Reproduce every line of the data, exactly and without its pictures.

_Data excerpt_.
Content starts
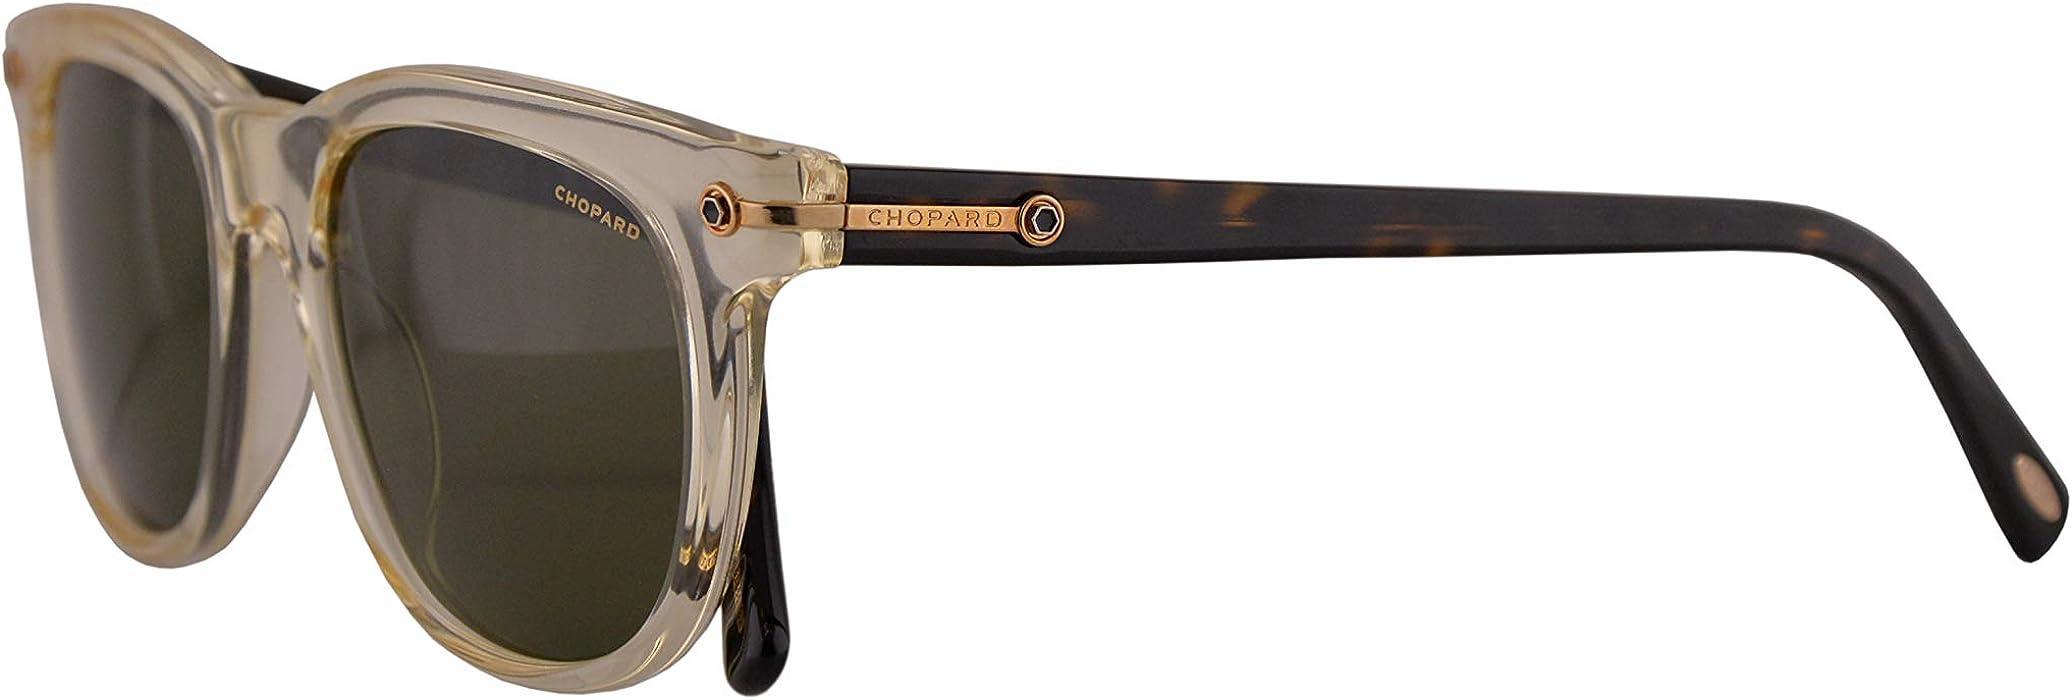 ab1a2ca617 Chopard SCH192 Sunglasses Crystal Yellow w Polarized Green Lens 52mm 846P  SCH 192
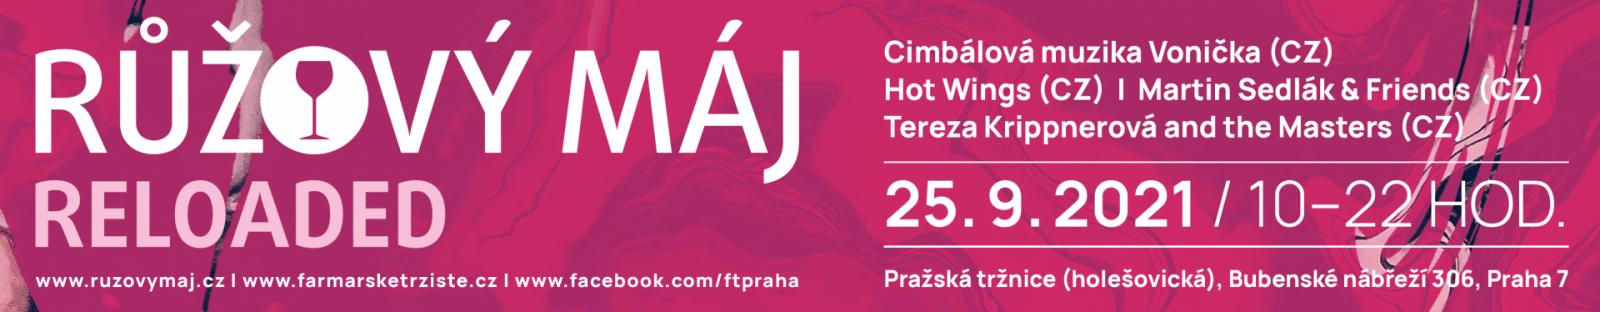 https://www.farmarsketrziste.cz/wp-content/uploads/rm2021-770x150-web.png
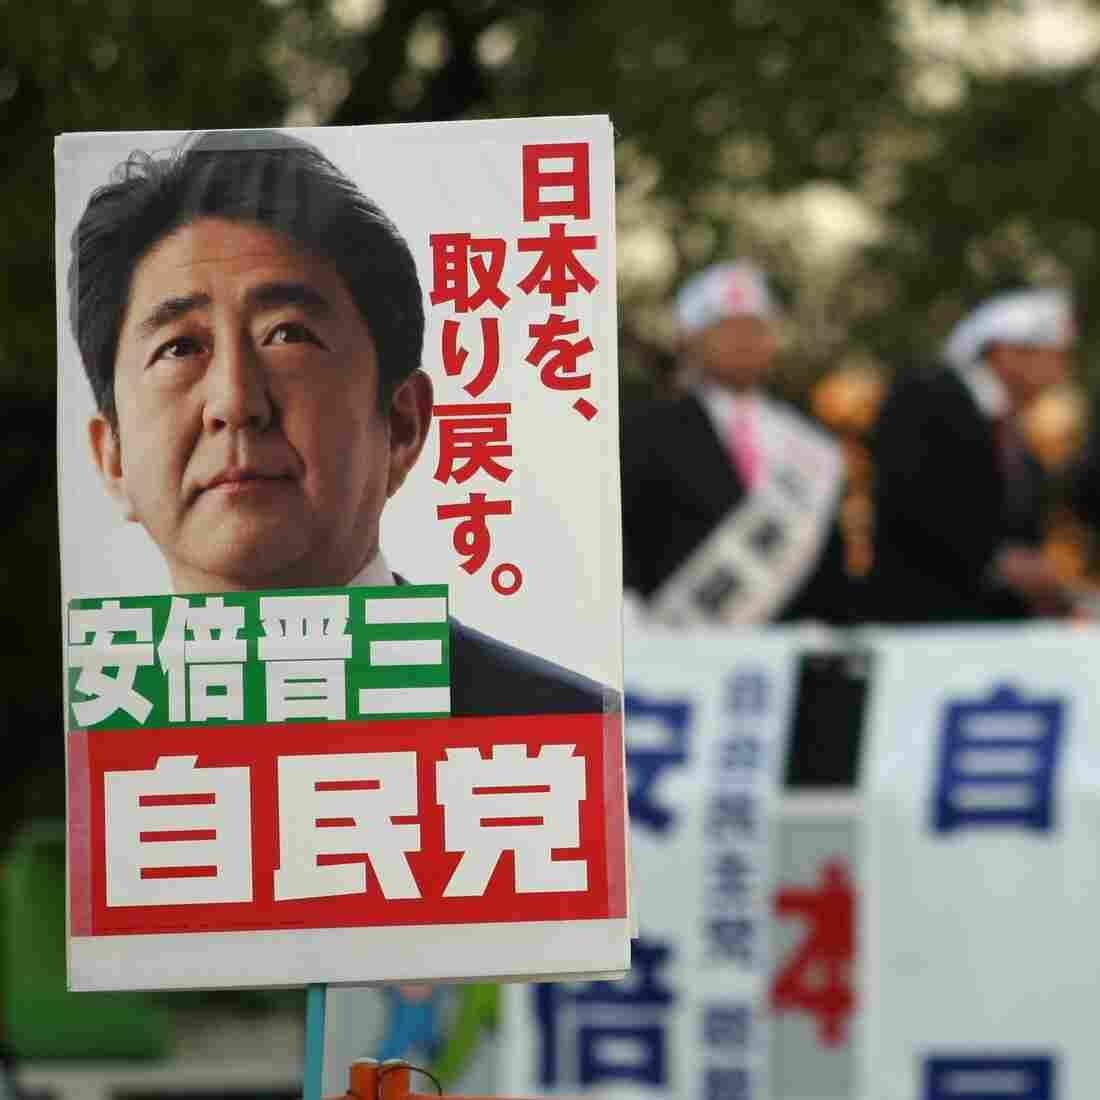 Nationalist Rhetoric High As Japanese Head To Polls
Content ends
_Written reply_.
 ab1a2ca617 Chopard SCH192 Sunglasses Crystal Yellow w Polarized Green Lens 52mm 846P  SCH 192
 https://www.farmarsketrziste.cz/wp-content/uploads/rm2021-770x150-web.png
 Nationalist Rhetoric High As Japanese Head To Polls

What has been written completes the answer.